*REQUIREMENT*
Your answer must be an exact transcription of the data, with every picture omitted.

*GIVEN INFORMATION*
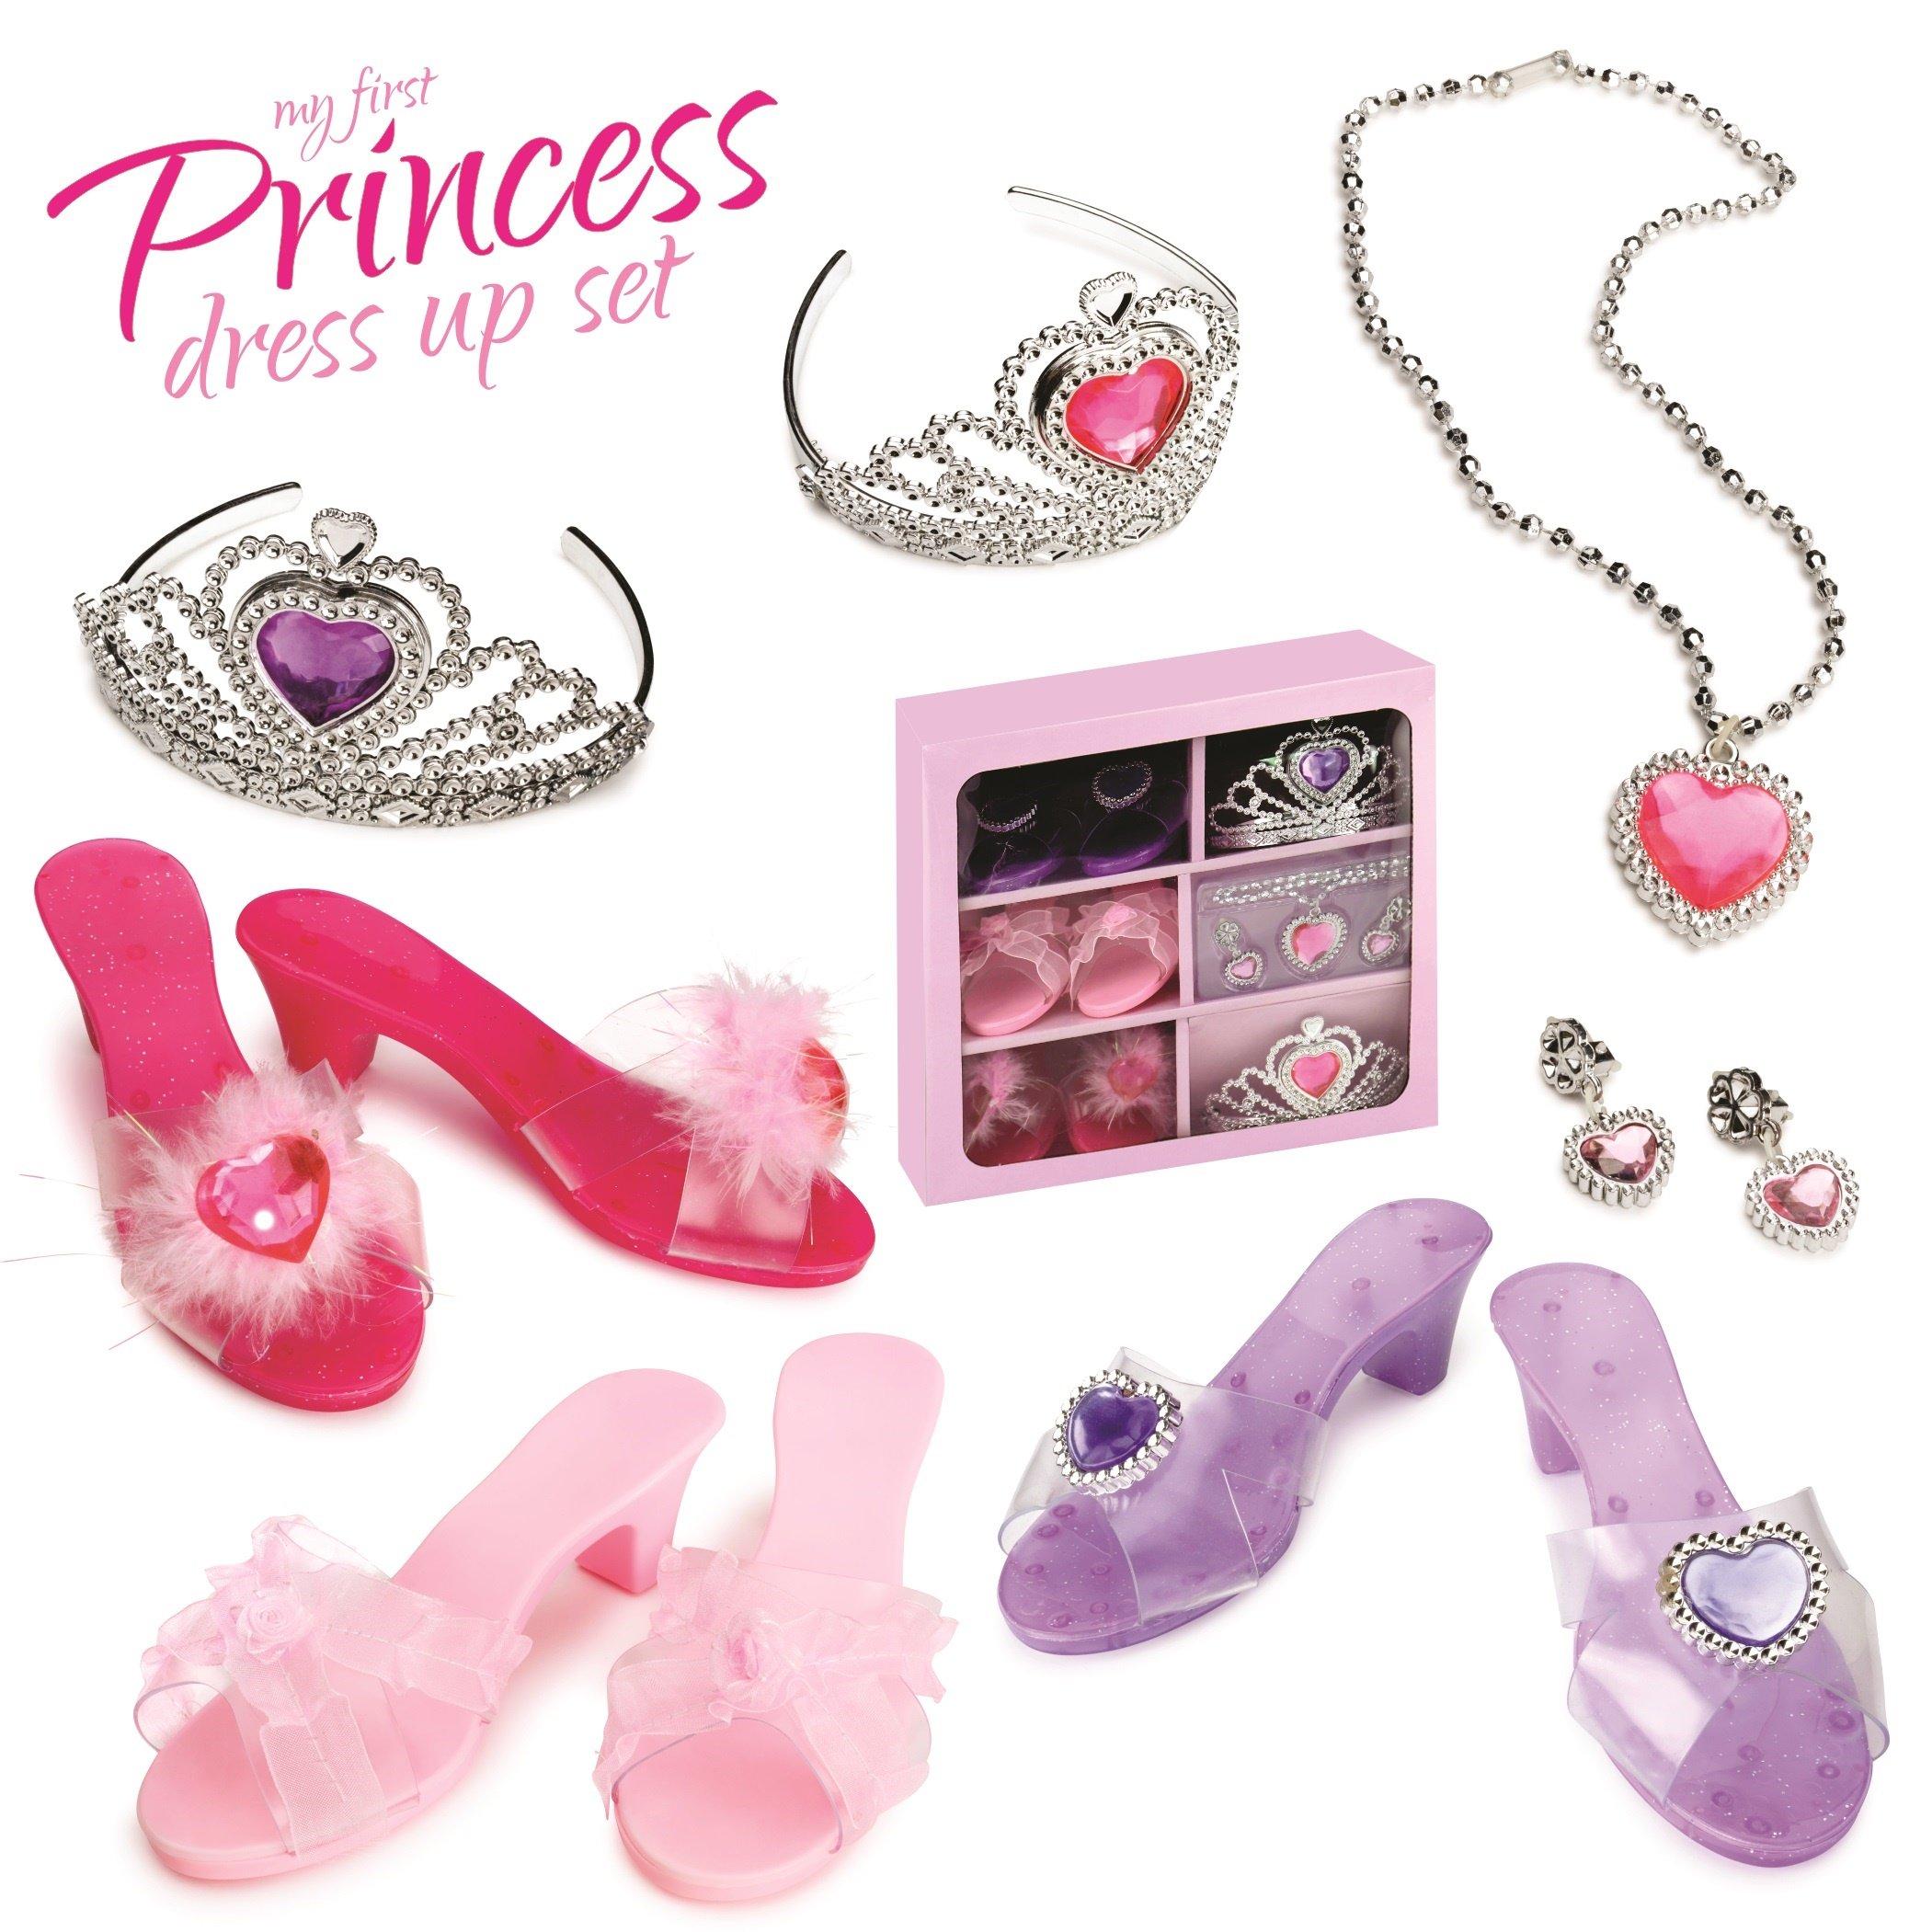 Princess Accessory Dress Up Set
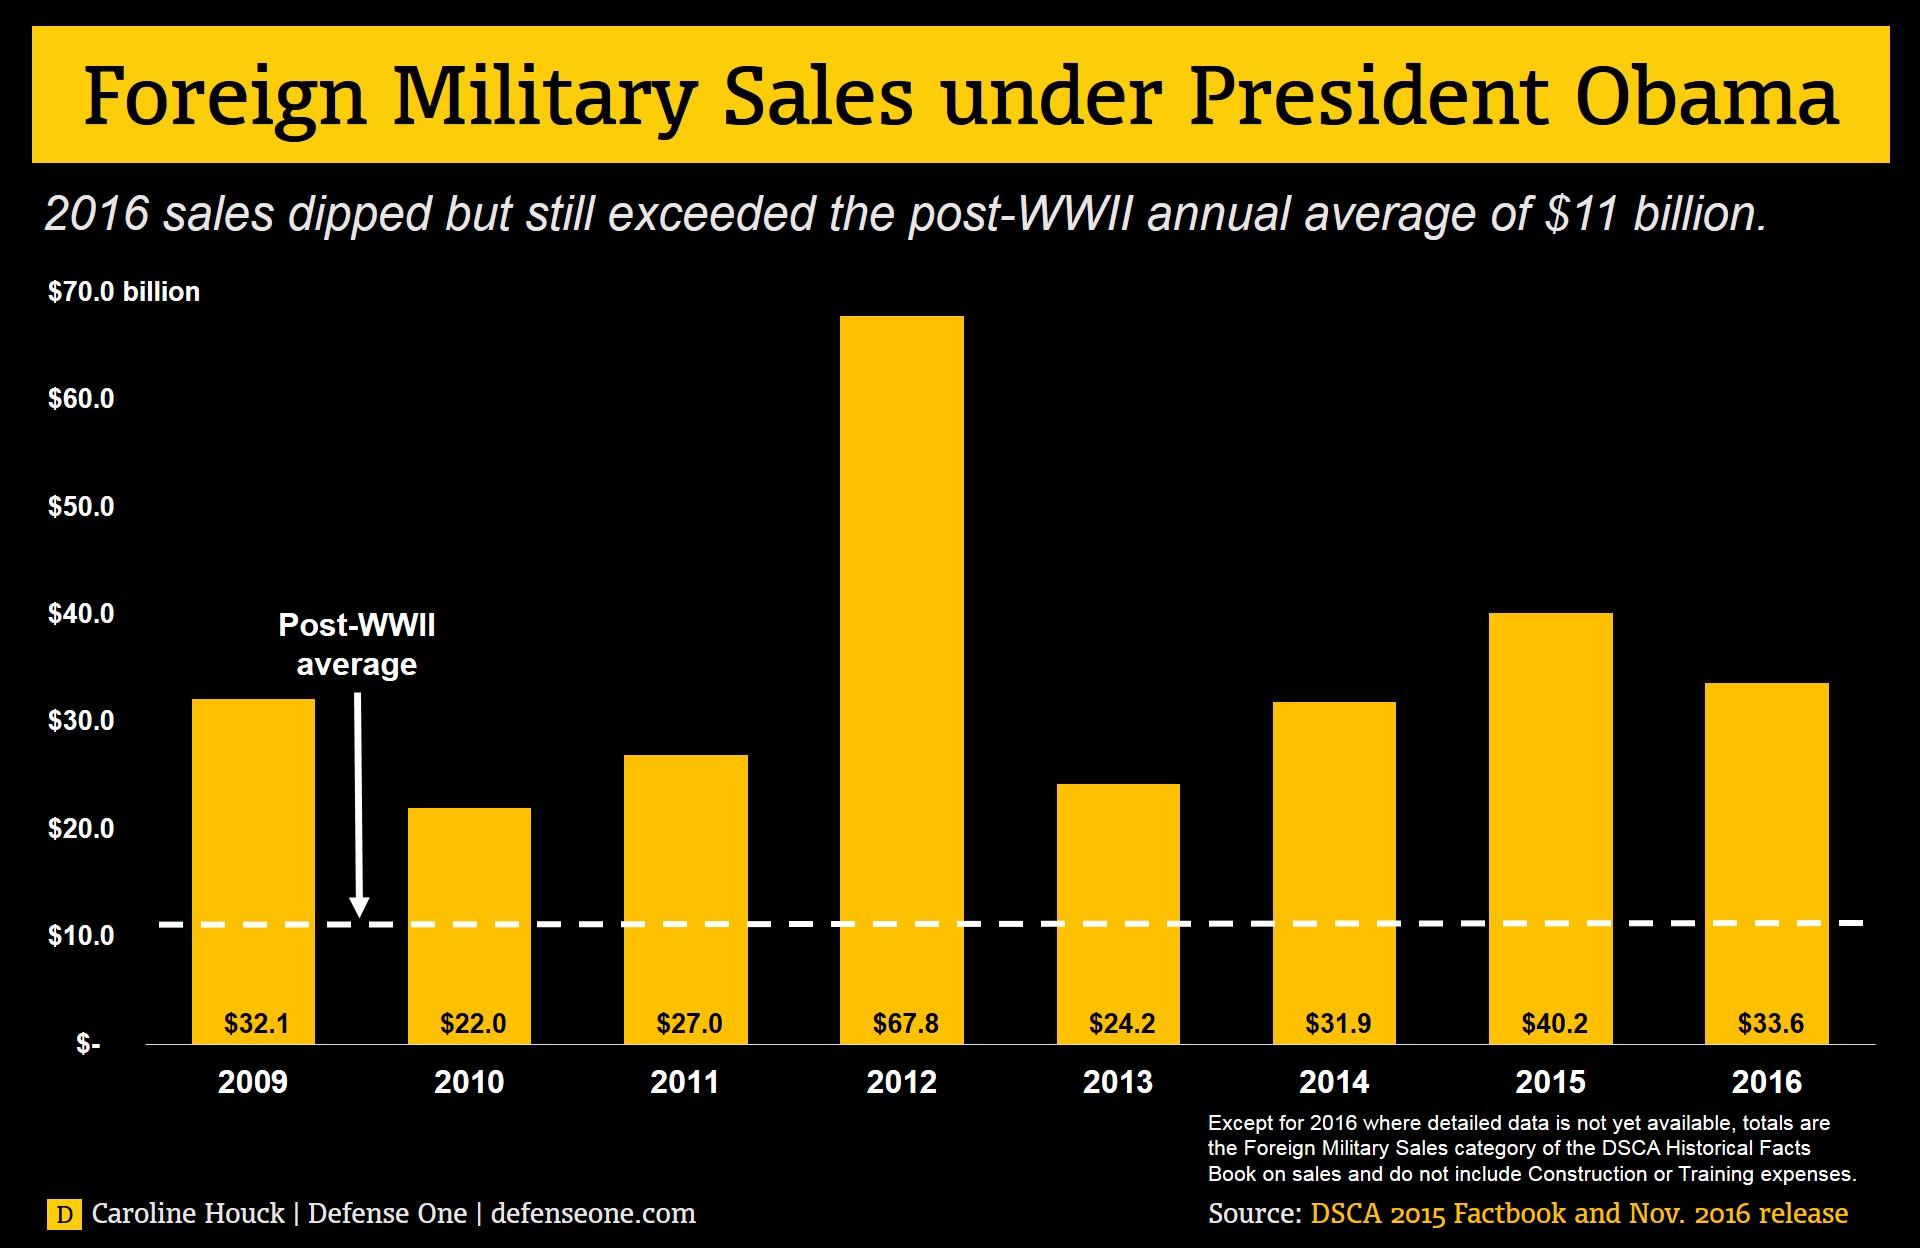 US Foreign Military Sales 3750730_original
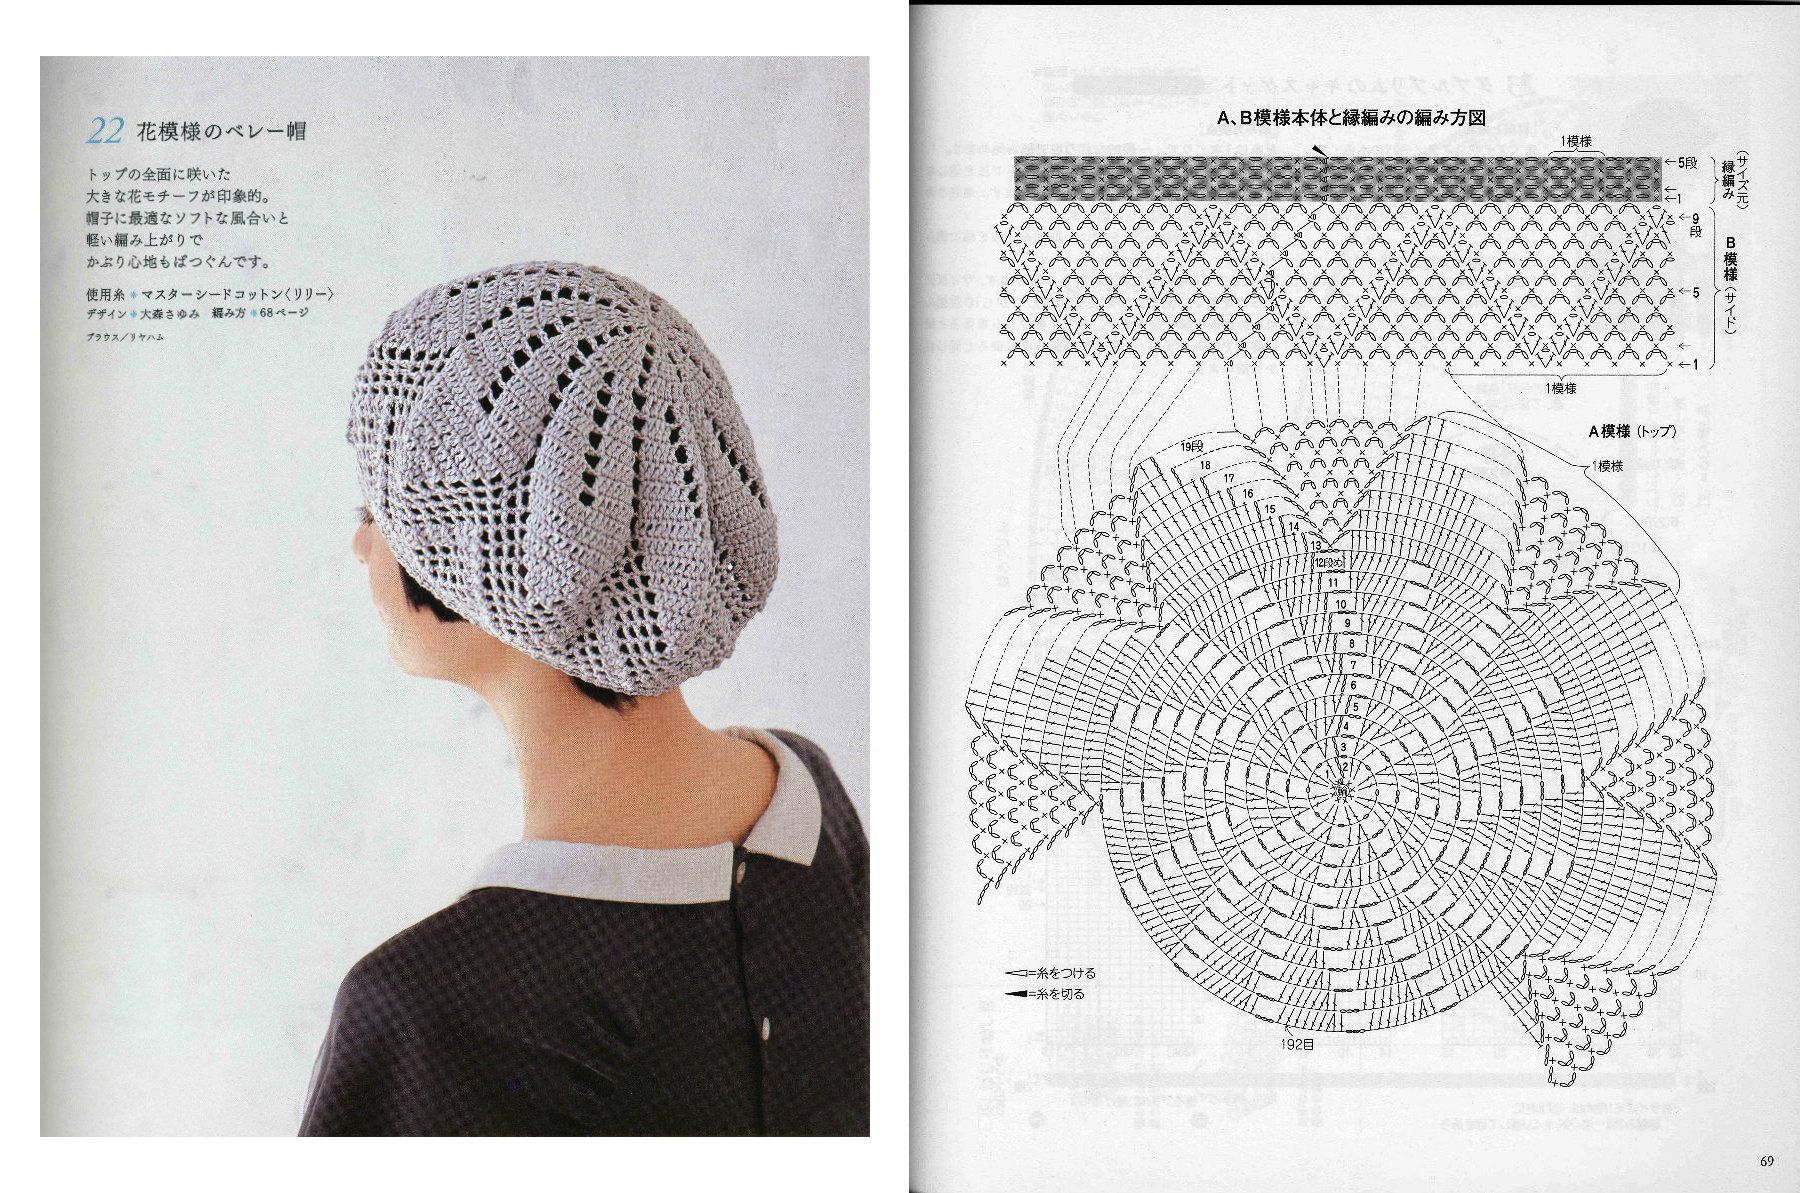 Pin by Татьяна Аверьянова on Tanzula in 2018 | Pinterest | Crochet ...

*ANSWER BOX*
 Princess Accessory Dress Up Set
 US Foreign Military Sales 3750730_original
 Pin by Татьяна Аверьянова on Tanzula in 2018 | Pinterest | Crochet ...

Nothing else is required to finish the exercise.